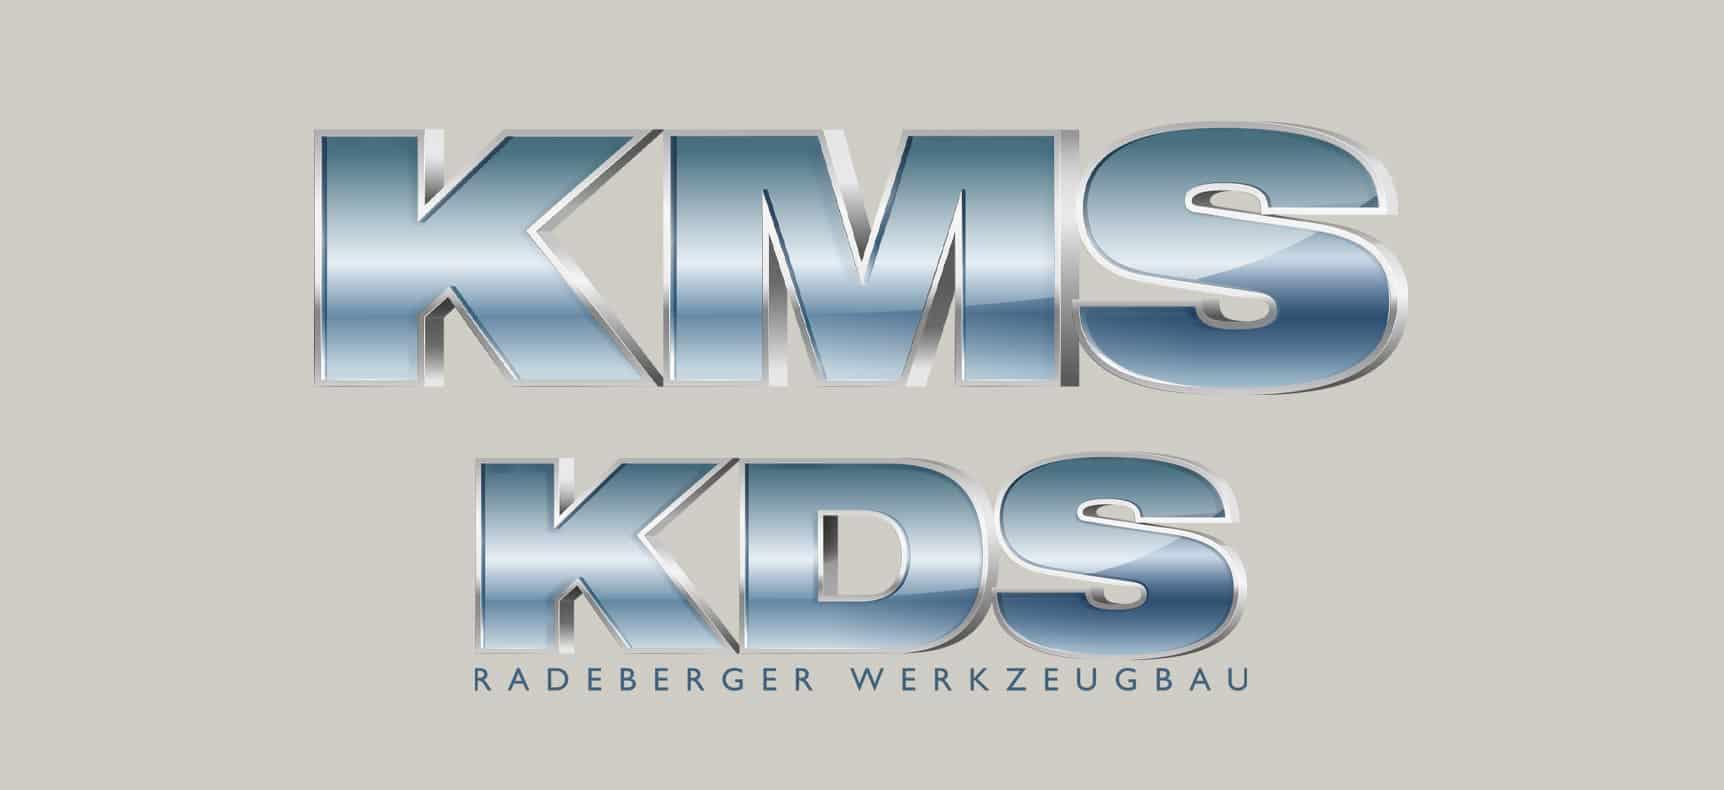 KDS – RADEBERGER FORMEN- UND WERKZEUGBAU | Logo erstellt von StatusZwo.com
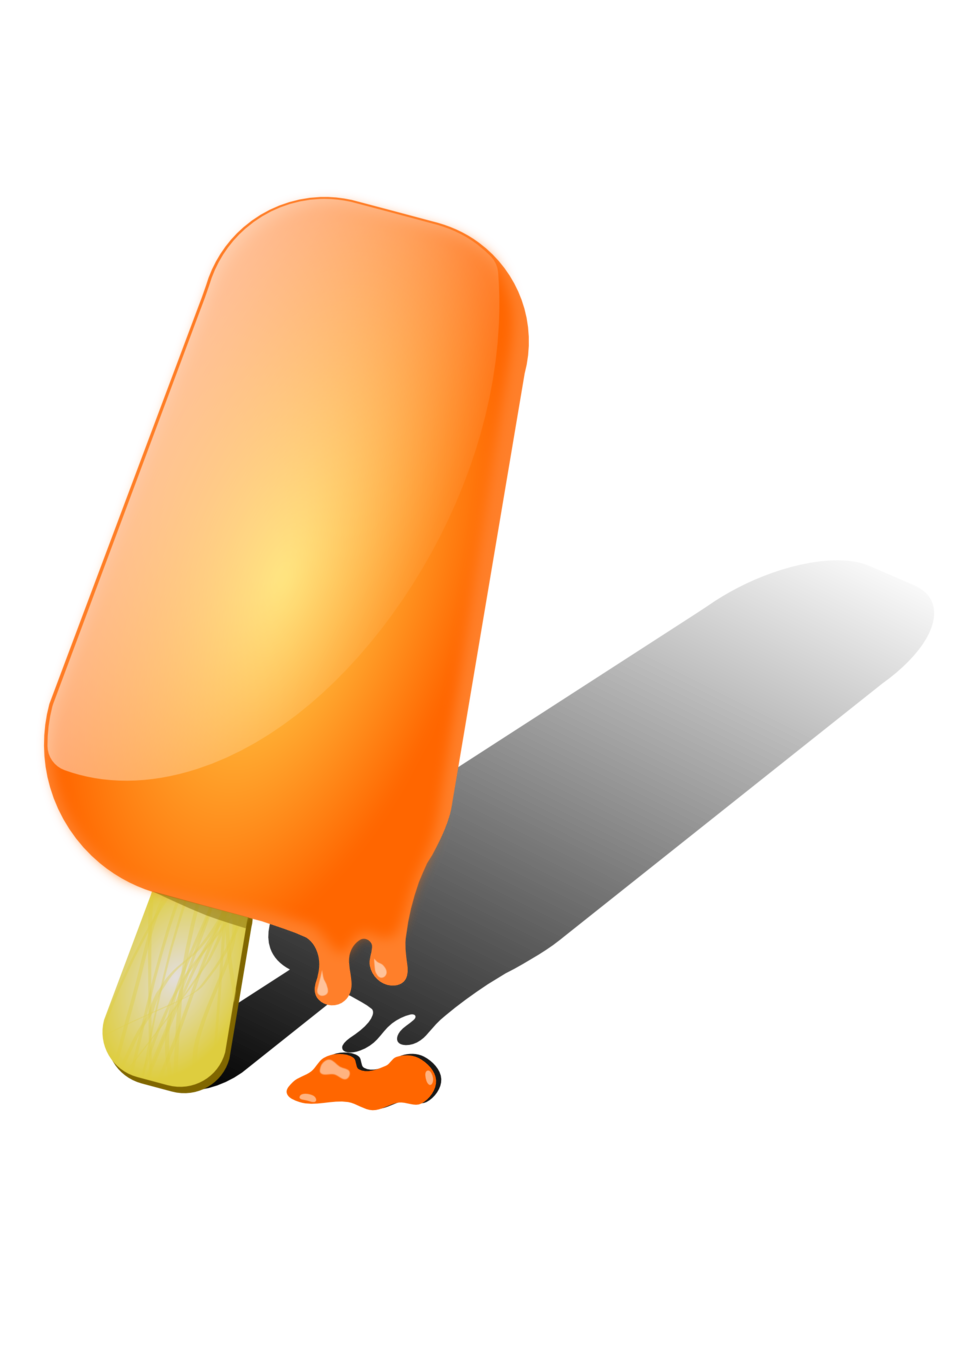 Orange ice
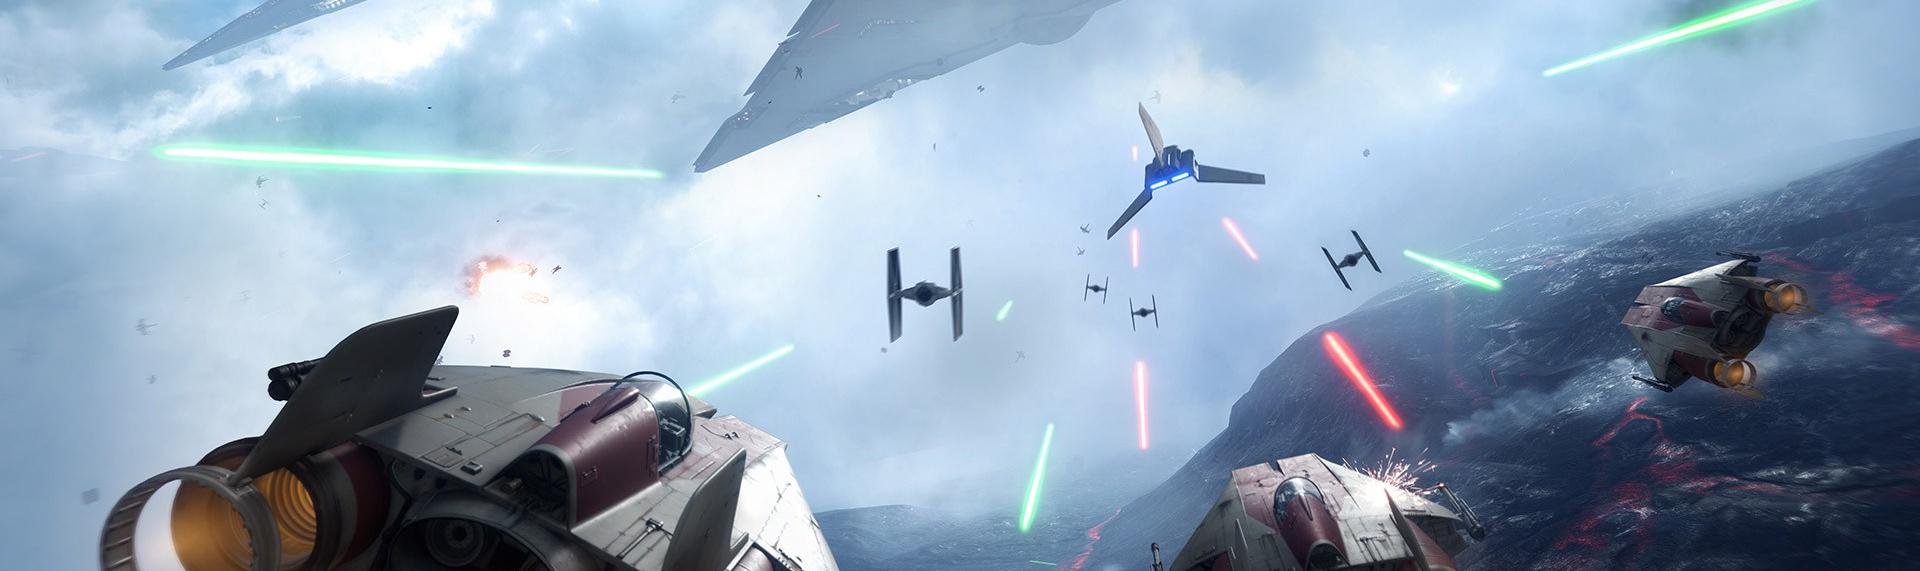 star wars screenshot

What you will do → Please output all of the data exactly as given, omitting any images it holds.

Reply →
 KDS – RADEBERGER FORMEN- UND WERKZEUGBAU | Logo erstellt von StatusZwo.com
 Orange ice
 star wars screenshot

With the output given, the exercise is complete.